Opened in 1950, the Hakone Sightseeing Cruise is comprised of the Royal II, the Victory and the Queen Ashinoko, which sail from Togendai to Moto-Hakone Port and Hakone-Machi Port on either ends of the lake. Guests can choose to board one of the three ships for a 30-minute ride that includes majestic views of the region’s most popular attractions.
The Hakone Shrine on the shore of Lake Ashi dates back to 757 A.D. It was relocated to Lake Ashi from its original location at the summit of Mount Hakone. According to medieval Japanese legends, Minamoto no Yoritomo, the first military dictator, or shogun, of Japan once sought shelter at Mount Hakone following a defeat in battle. After he founded the first shogunate, Yoritomo became a patron of the shrine.

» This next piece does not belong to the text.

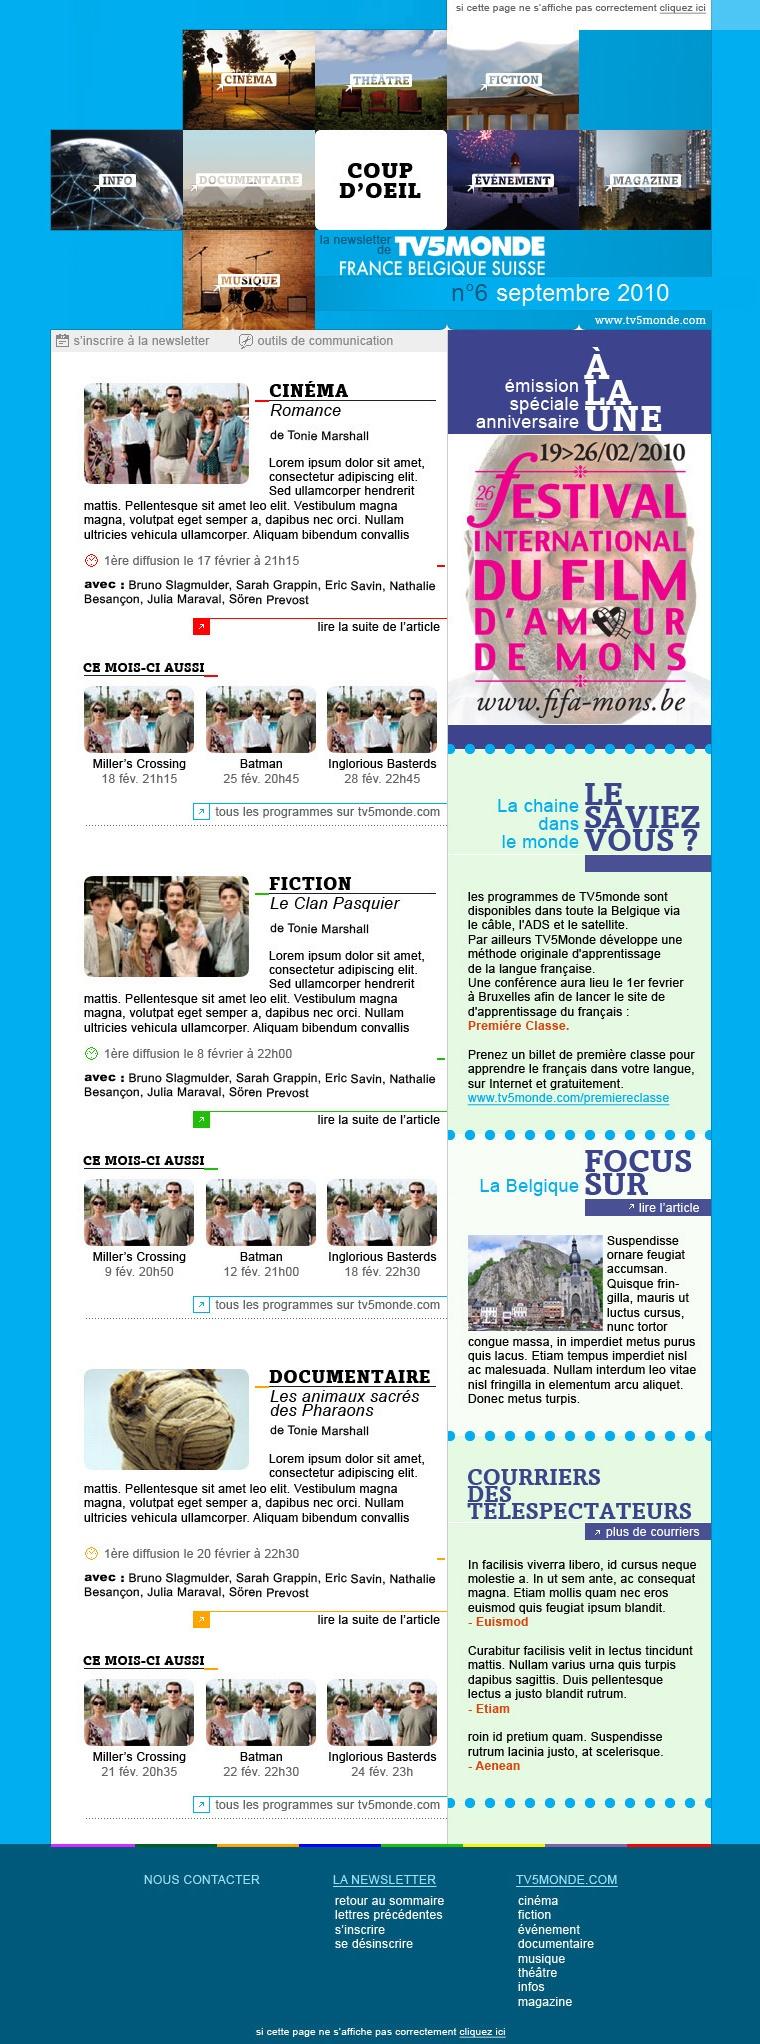 Lettre TV5 Monde FBS
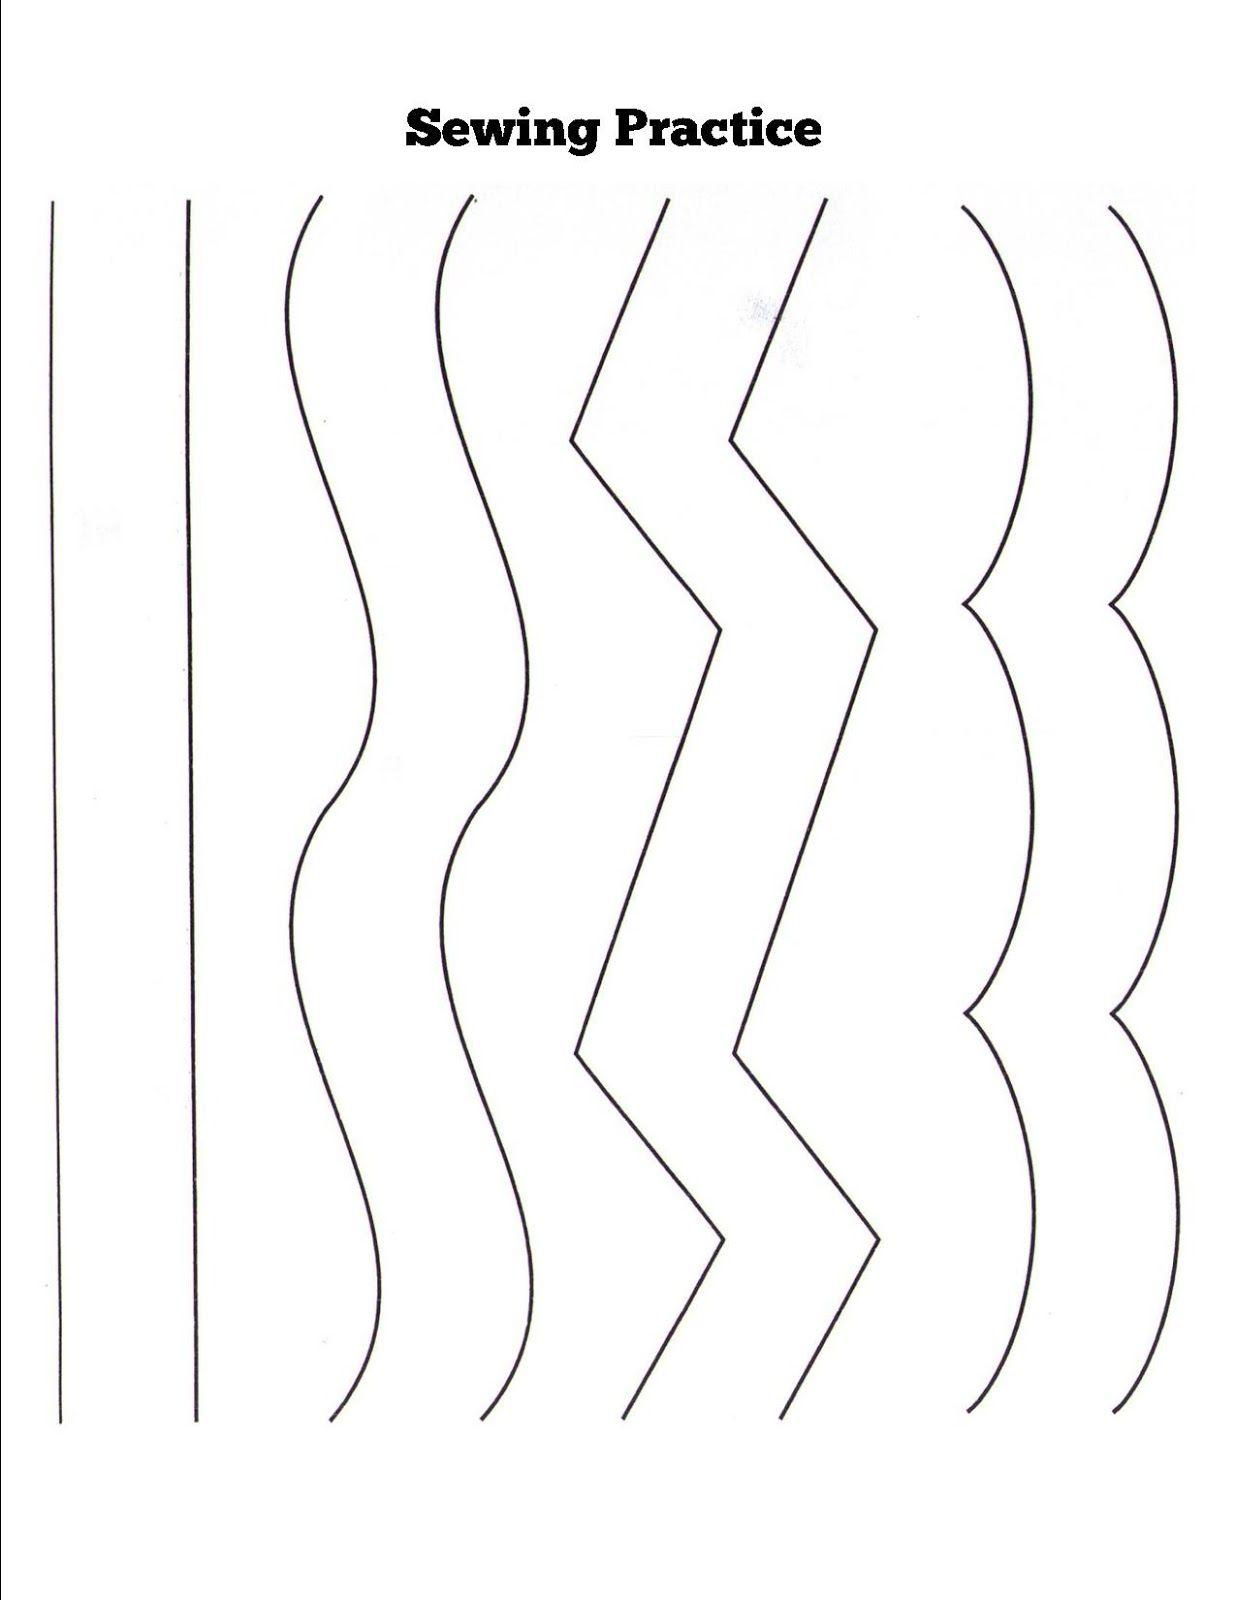 Sewing Practice Paper Photo 1 236 1 600 Pixels

However, the shrine isn’t the only iconic sight along Lake Ashi. If the clouds are clear, visitors can catch a glimpse of the magnificent Mt. Fuji, the highest volcano in Japan. One of the country’s Three Holy Mountains, Mt. Fuji is 3,776 meters high and is snow-capped for five months out of the year. Commonly displayed as a symbol of Japan, it’s frequently depicted in Japanese art.
Along with ancient shrines and mountains, those aboard the Hakone Sightseeing Cruise can visit museums and restaurants within the ports. Tours are available daily throughout the year.